Write out the entire listing below exactly, with the pictures left out.

Data section –
*** Block opens ***

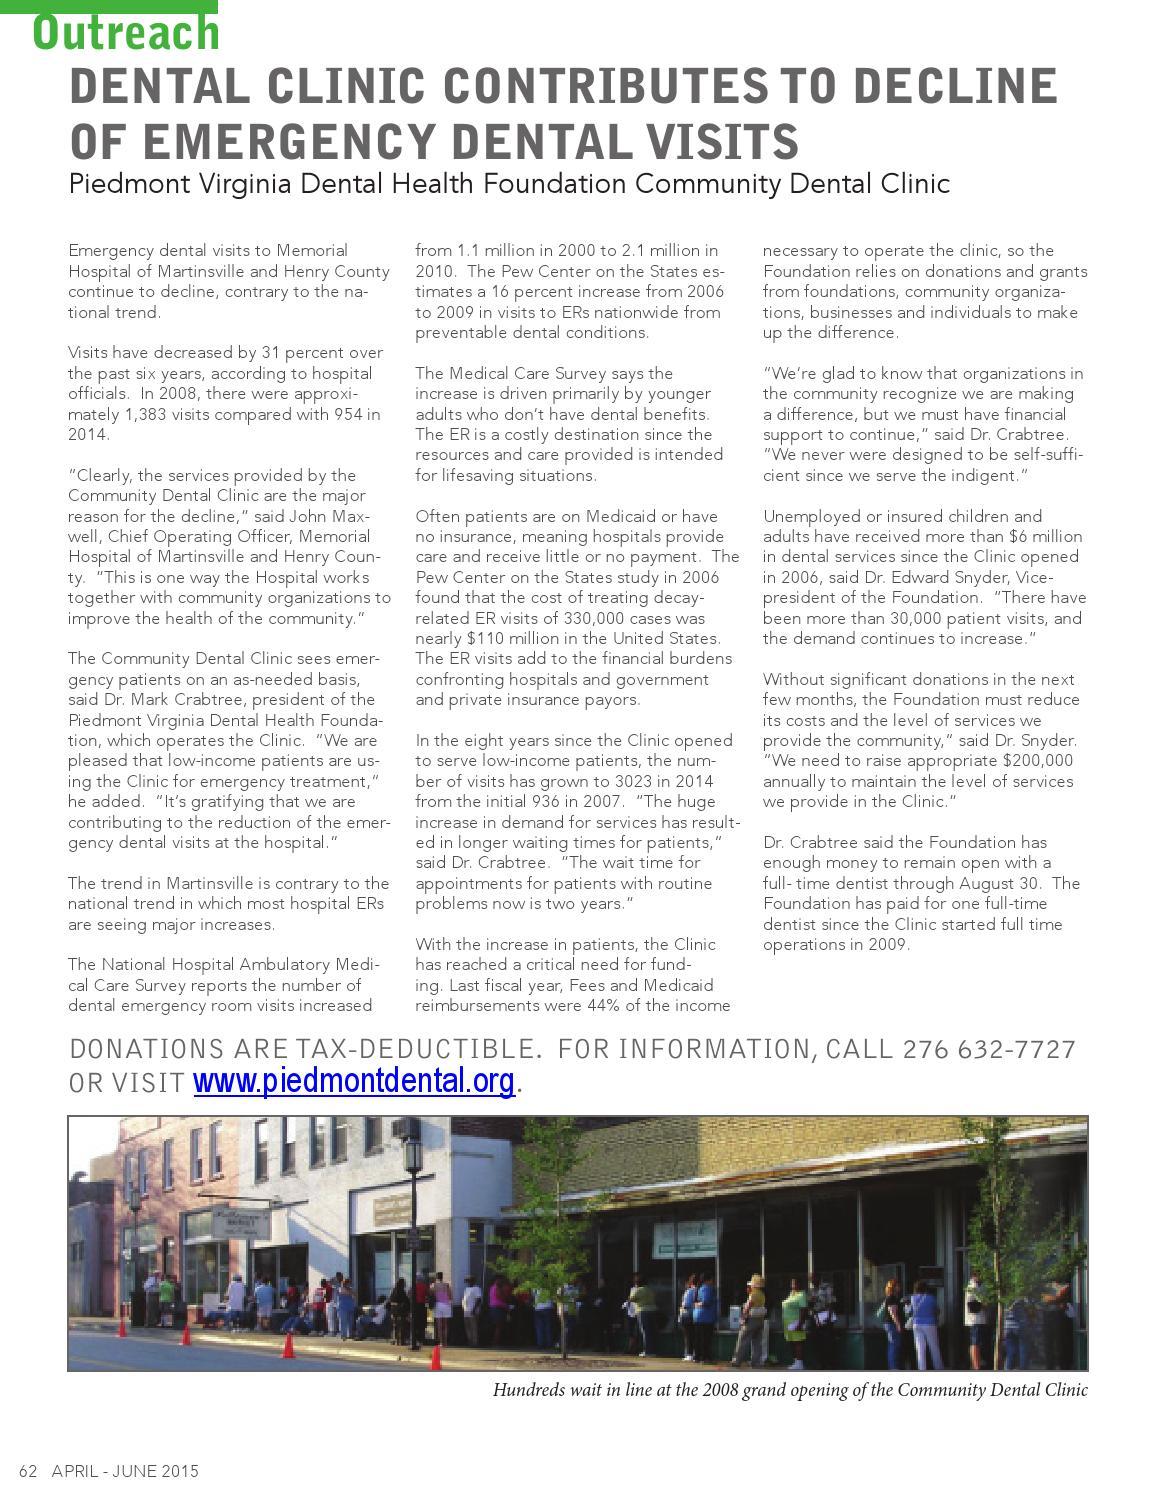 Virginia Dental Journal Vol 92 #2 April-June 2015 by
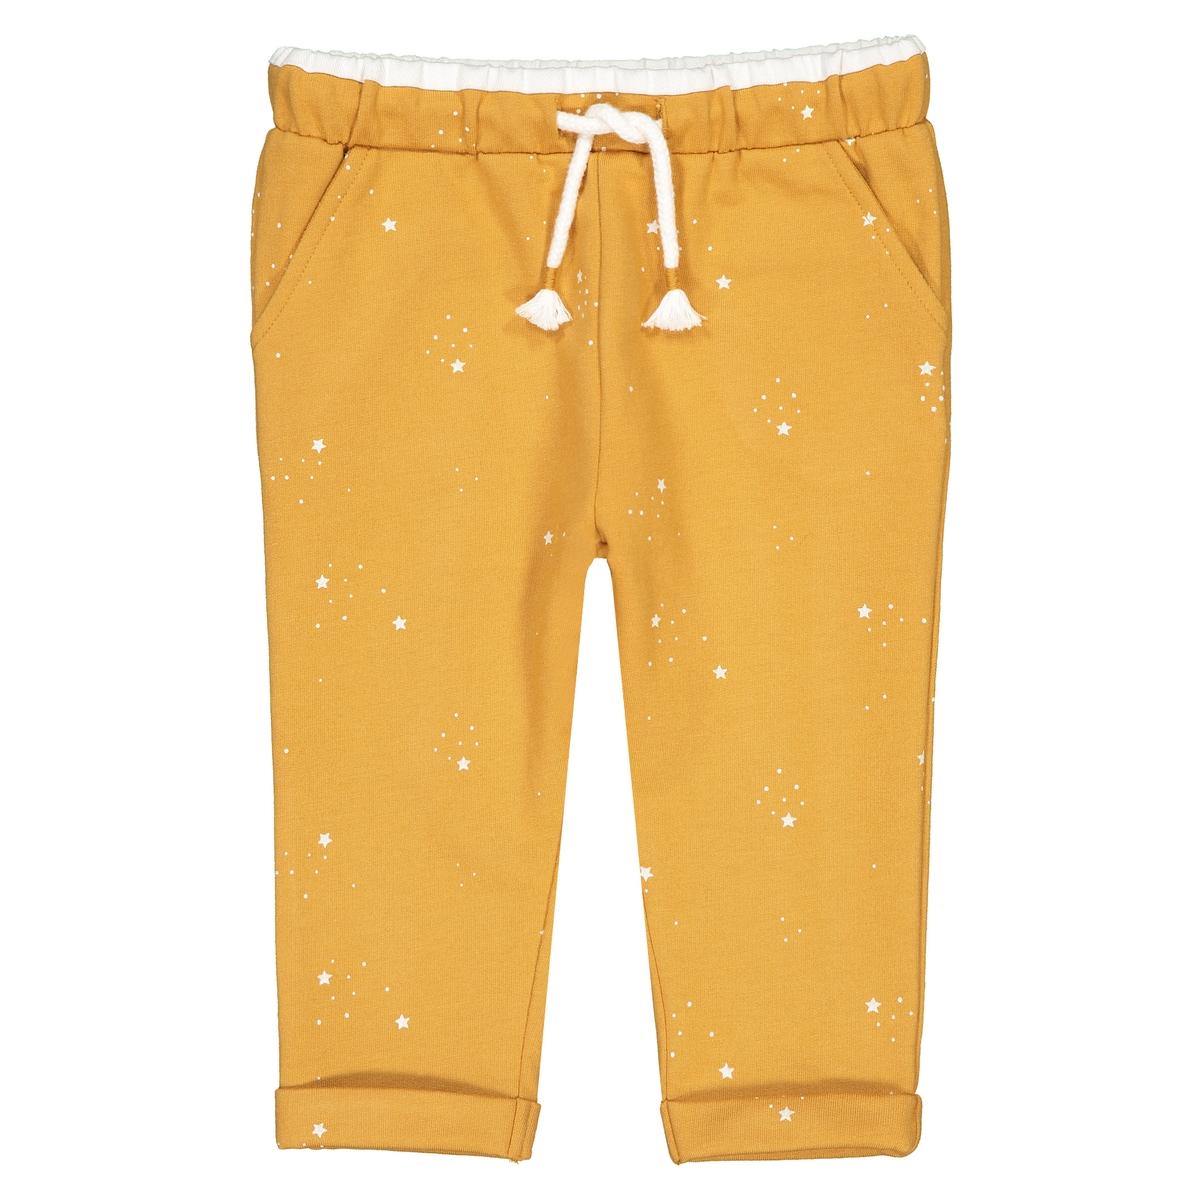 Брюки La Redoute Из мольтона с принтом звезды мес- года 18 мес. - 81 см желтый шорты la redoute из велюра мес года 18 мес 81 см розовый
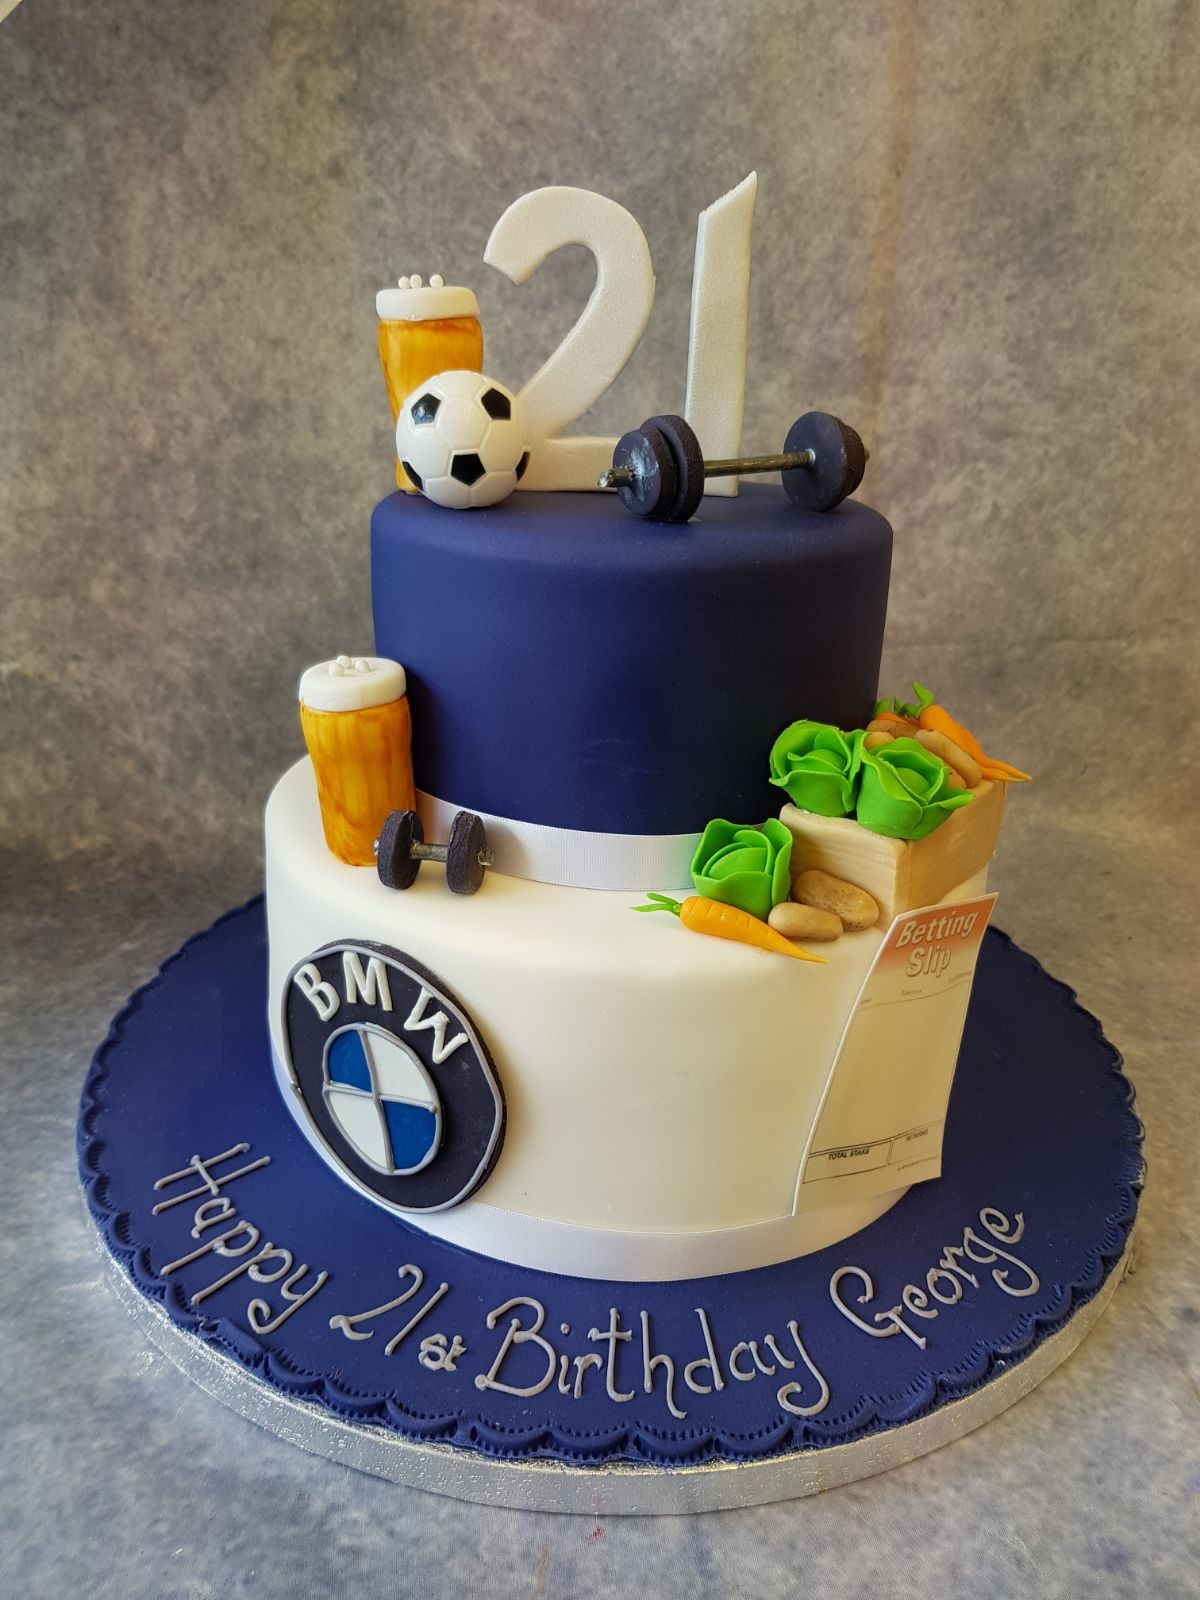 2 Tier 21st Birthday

*** Block closes ***

The completed task –
 Virginia Dental Journal Vol 92 #2 April-June 2015 by
 Брюки La Redoute Из мольтона с принтом звезды мес- года 18 мес. - 81 см желтый шорты la redoute из велюра мес года 18 мес 81 см розовый
 2 Tier 21st Birthday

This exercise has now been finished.